Thursday, November 11, 2010

Wealth Management

What does it mean, to be rich? I have never had money, so the idea that shopping or buying a car would be rewarding is foreign to me. My family doesn't have a lot of money and although my parents are comfortable, there were times when they certainly were not. Putting two kids in private schools and college stressed them and although I never noticed it at the time, we had a few christmases with considerably smaller piles under the tree.

Although I have never spent money without thinking, I have lived alongside people who can, and do. Growing up on Cape Cod, I went to high school with Walt Disney's grandchildren and nannied for people like Nicholas Cage. When my family invested in a snow plow, my neighbors bought the LA Dodgers. It never bothered me that my parents didn't give me a credit card at age 16, or that they didn't finance my college education or buy me a car when I graduated. But when I moved out of their house and into a tiny six floor walk-up in New York City I planned to do a few things differently.

After living on an income near, or below, poverty level for two months while I interned at a small design company I was offered a job as a freelance designer for a giant marketing agency.

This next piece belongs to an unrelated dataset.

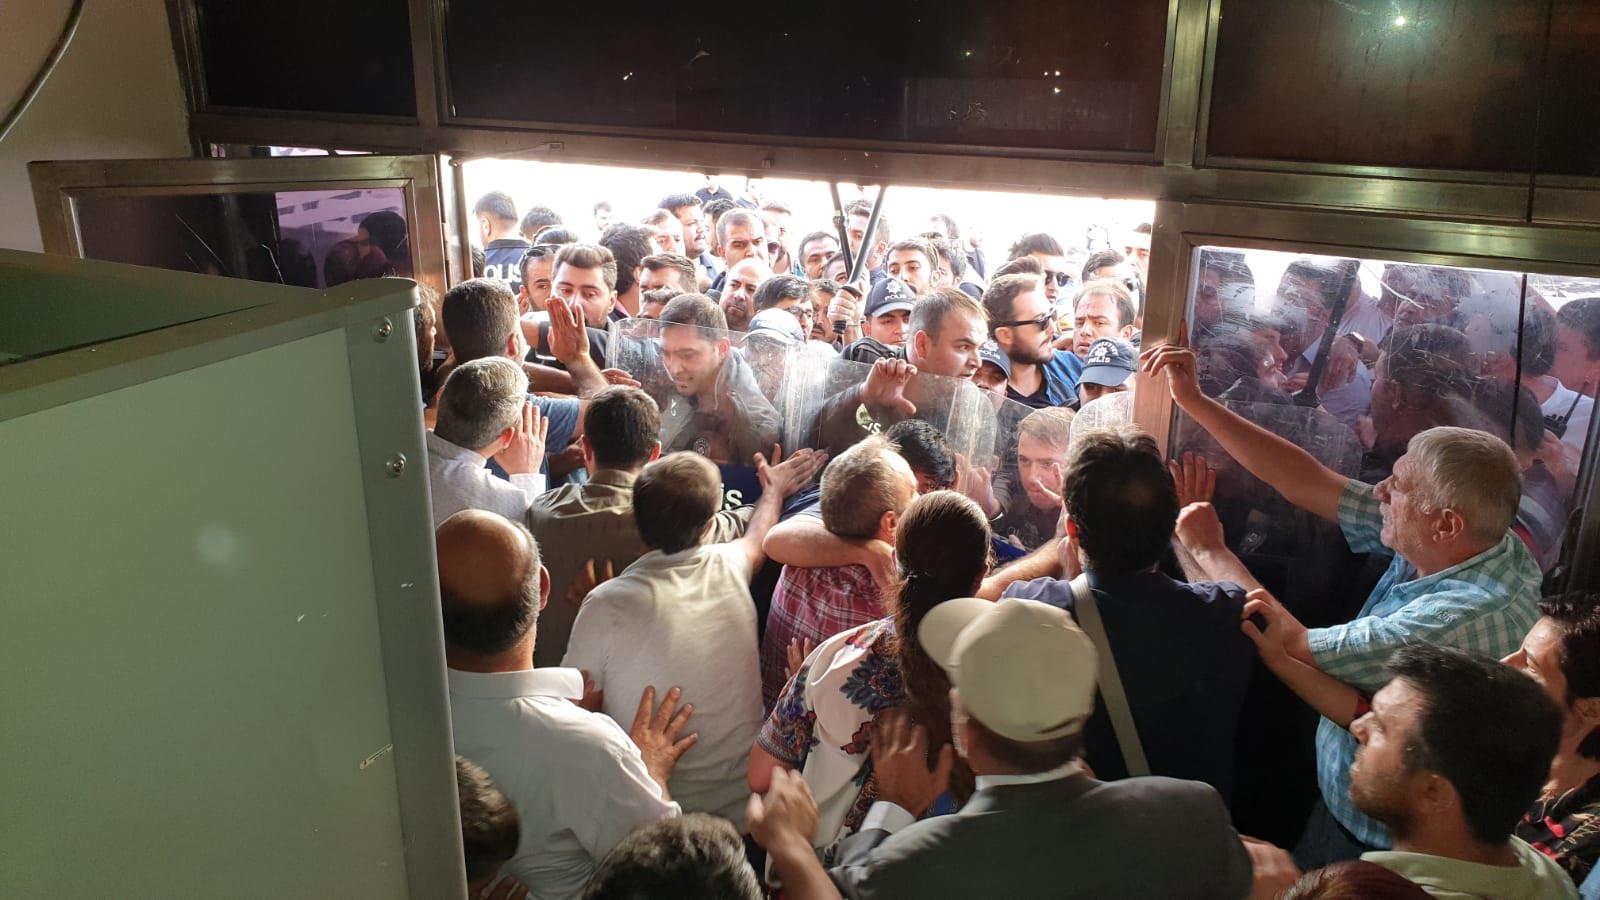 VİDEO - Diyarbakır'da açıklama gerginliği!

Although it would be long hours, working late into the night, I agreed to take it. I would be making considerably more than any of my friends who had found full time work in the city. I knew it was going to be tough, but the idea of being able to buy groceries or pay for electricity was music to my ears.

On my first day I left my internship and headed to my new job. I climbed the stairs from the train station on Houston St and noticed the marked difference in environment. Away from the hustle and bustle of Union Square, here the buildings grew straight up from the concrete and the sidewalks were packed with people walking in straight lines, to and from work. Once inside the building I had to be x-rayed by the security guard and my lunch began to turn to bile in my stomach.

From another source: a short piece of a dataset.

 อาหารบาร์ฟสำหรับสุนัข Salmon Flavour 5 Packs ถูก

When my roommate and I had come to New York to find an apartment we had gone to a few realtor's offices, big rooms with high ceilings but no windows, filled with monitors and computer chords and the hiss of ringing phones. At the time I had sworn I would never live like that and when I stepped inside the design studio, the same feeling of anxiety overcame me and I felt short of breath.

On my first night I sat next to the shift supervisor who did not stop swearing, even to sip his coffee. I looked around me and saw only tired, puffy eyes, glued to the computer. Someone in the office next to us was playing ACDC and as the veins in my forehead constricted, one single tear slid down my cheek.

The next day I left my internship again to go to work. Day two. My feet felt heavy on the pavement but the two block walk to the train seemed to fly by. I stood on the corner of 27th street and looked at the subway station lights. Next to me, the train uptown, the one that took me back to my six floor walkup in Harlem every night. Across the street, downtown to work, misery and riches, all rolled together in a nice, easy to swallow time sheet.

The white walk sign flickered on and people started to move past me, across the street as I turned and rode the local line all the way home, poor, unemployed, and the happiest I had been in two months.